CBO: Sequestration Cuts Are Unlikely This Year
The 2014 budget remains sufficient to avoid across-the-board reductions before the fiscal year ends.
The fiscal 2014 budget that President Obama signed last December contained enough cuts and revenues to avoid across-the-board cuts this year, the Congressional Budget Office confirmed Thursday.
In its mandatory biannual update on sequestration, the nonpartisan office said that with Congress in having made only minor adjustments to the spending caps required under the 2011 Budget Control Act, little has changed from its January 2014 assessment that no budgetary cancellations will be needed before fiscal 2014 ends Oct. 1.
The omnibus spending bill now in effect updated the original sequester law and set new caps for 2015 that are $18.5 billion above what the limits would have been otherwise.
The Office of Management and Budget, CBO noted, has sole authority to decide whether new sequestration cuts are required, and it agreed in February that none are needed this year.
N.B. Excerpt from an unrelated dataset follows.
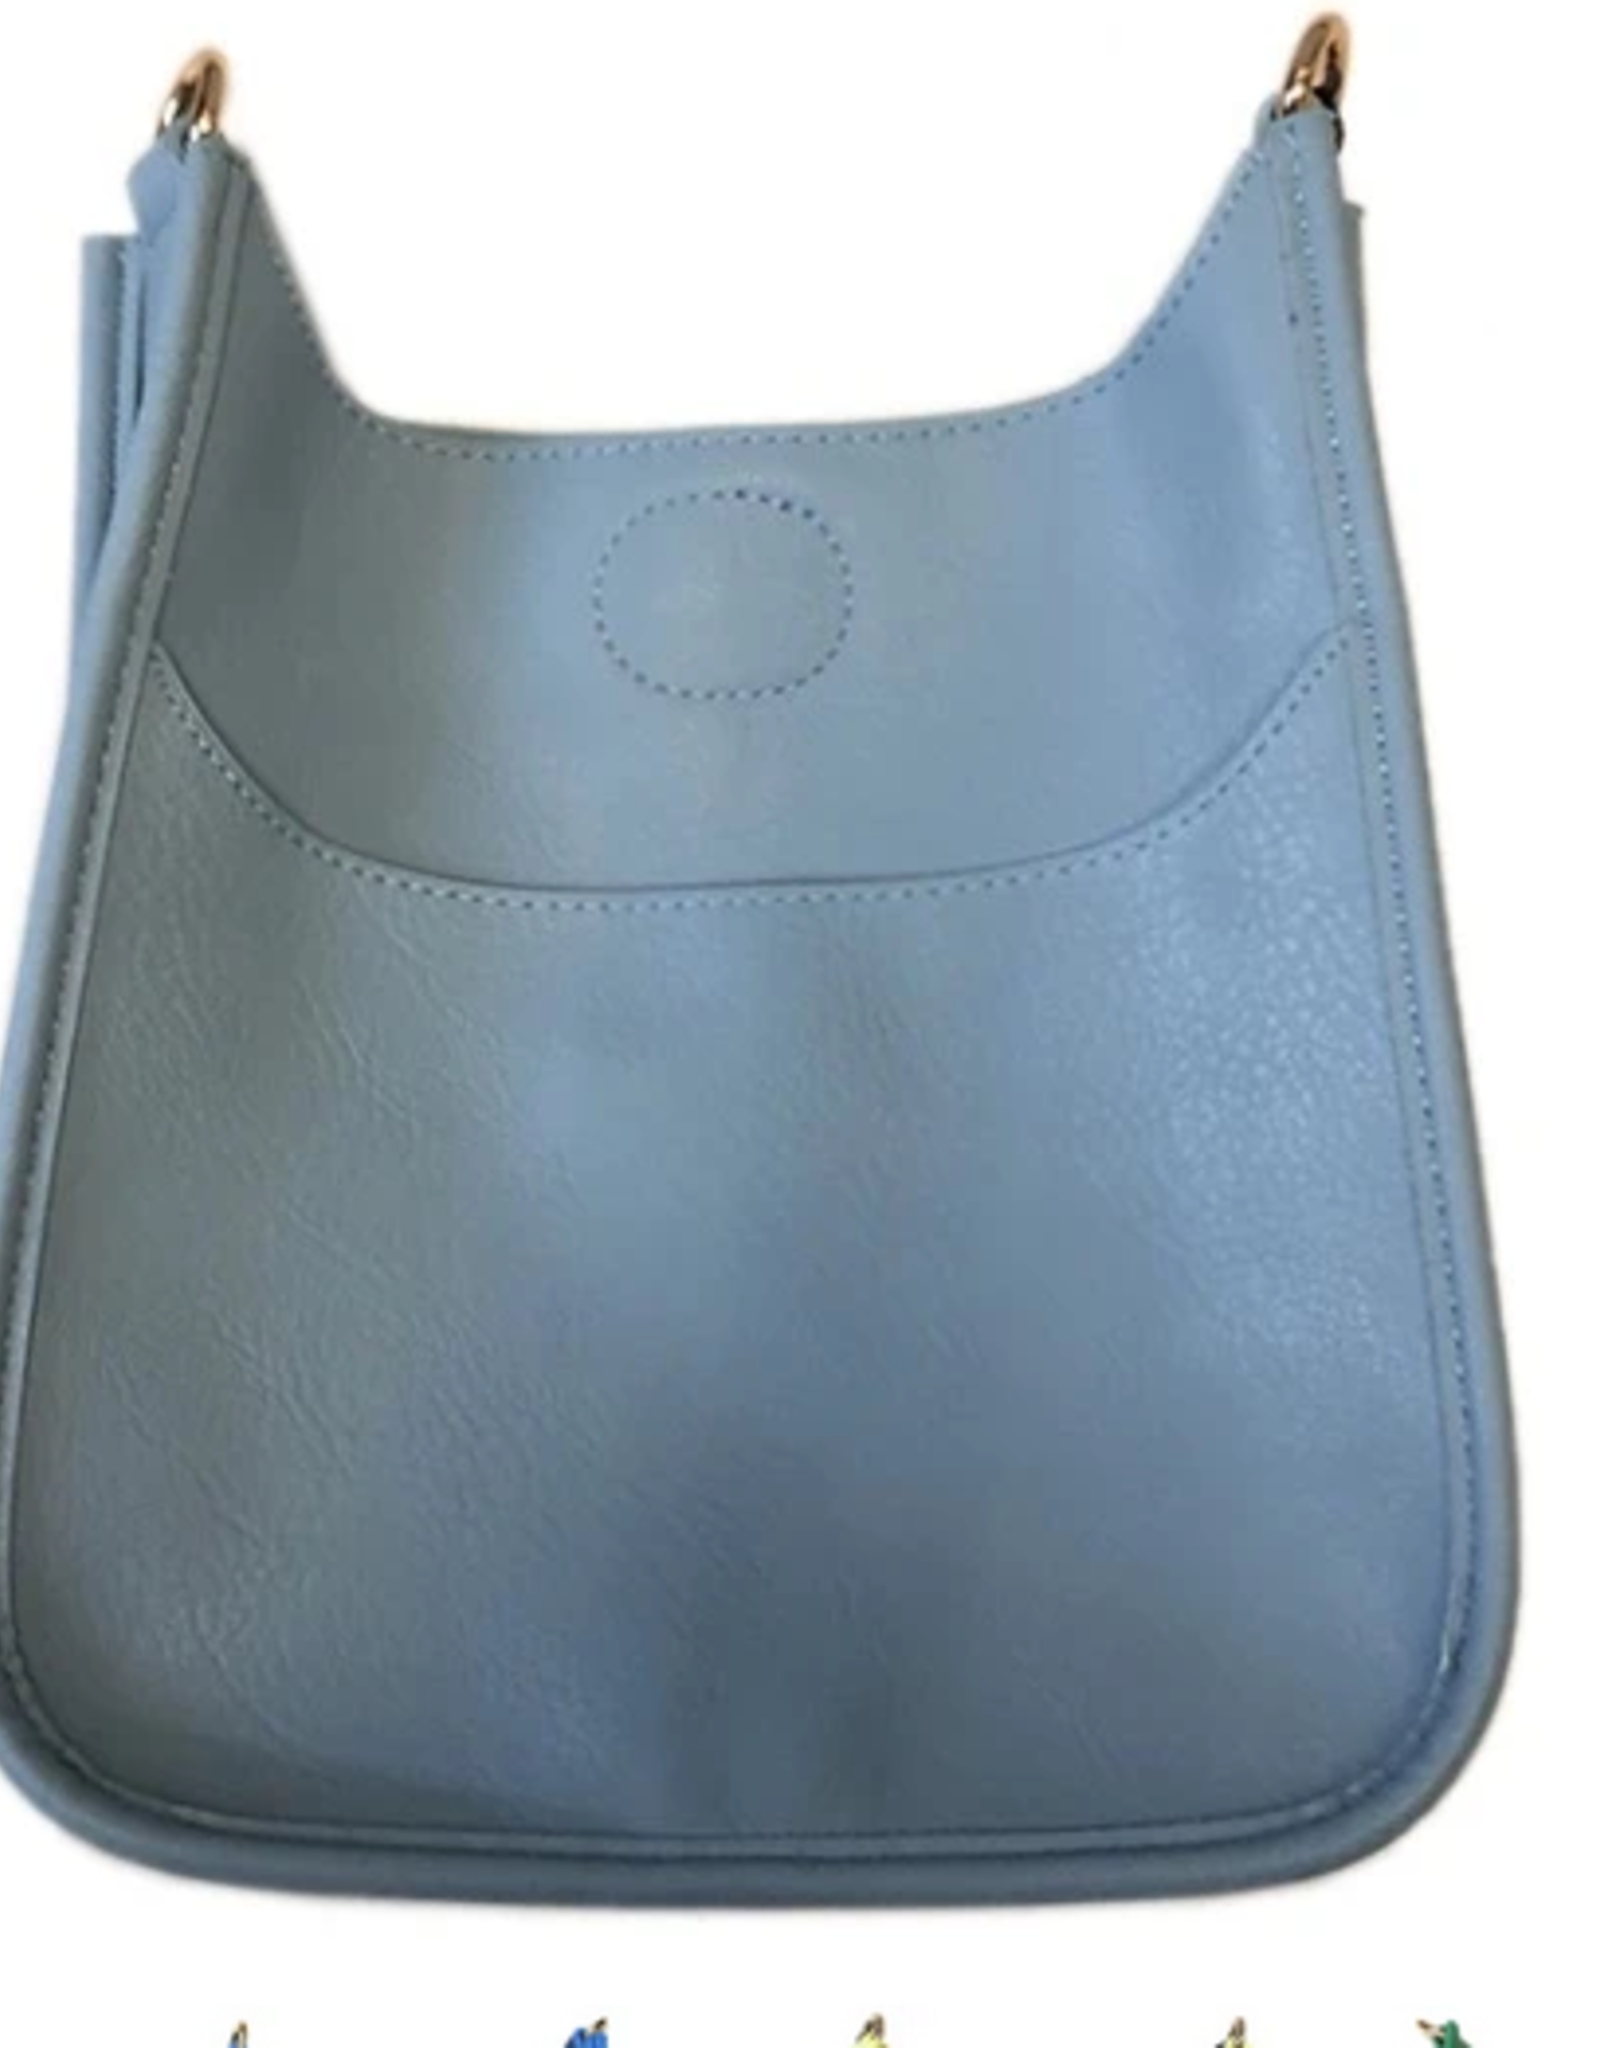 Mini Vegan Messenger Bag w/Gold Hardware

One reason for the stability is that the sole major appropriation in fiscal 2014 was $5.6 billion in emergency disaster relief following Hurricane Sandy, which OMB handled by adjusting its nondefense spending cap by that same amount for fiscal 2015.
In the out-years, however, sequestration left unchanged will continue to pinch, though less abruptly. The cap on discretionary budget authority for defense will grow from $521 billion in 2015 to $523 billion in 2016 and then to $590 billion in 2021, CBO estimates.
The cap on nondefense funding will be $492 billion in 2015 and 2016 and then rise to an estimated $555 billion for 2021.
Spending cuts for defense programs will be proportionately larger than those for nondefense programs, CBO said.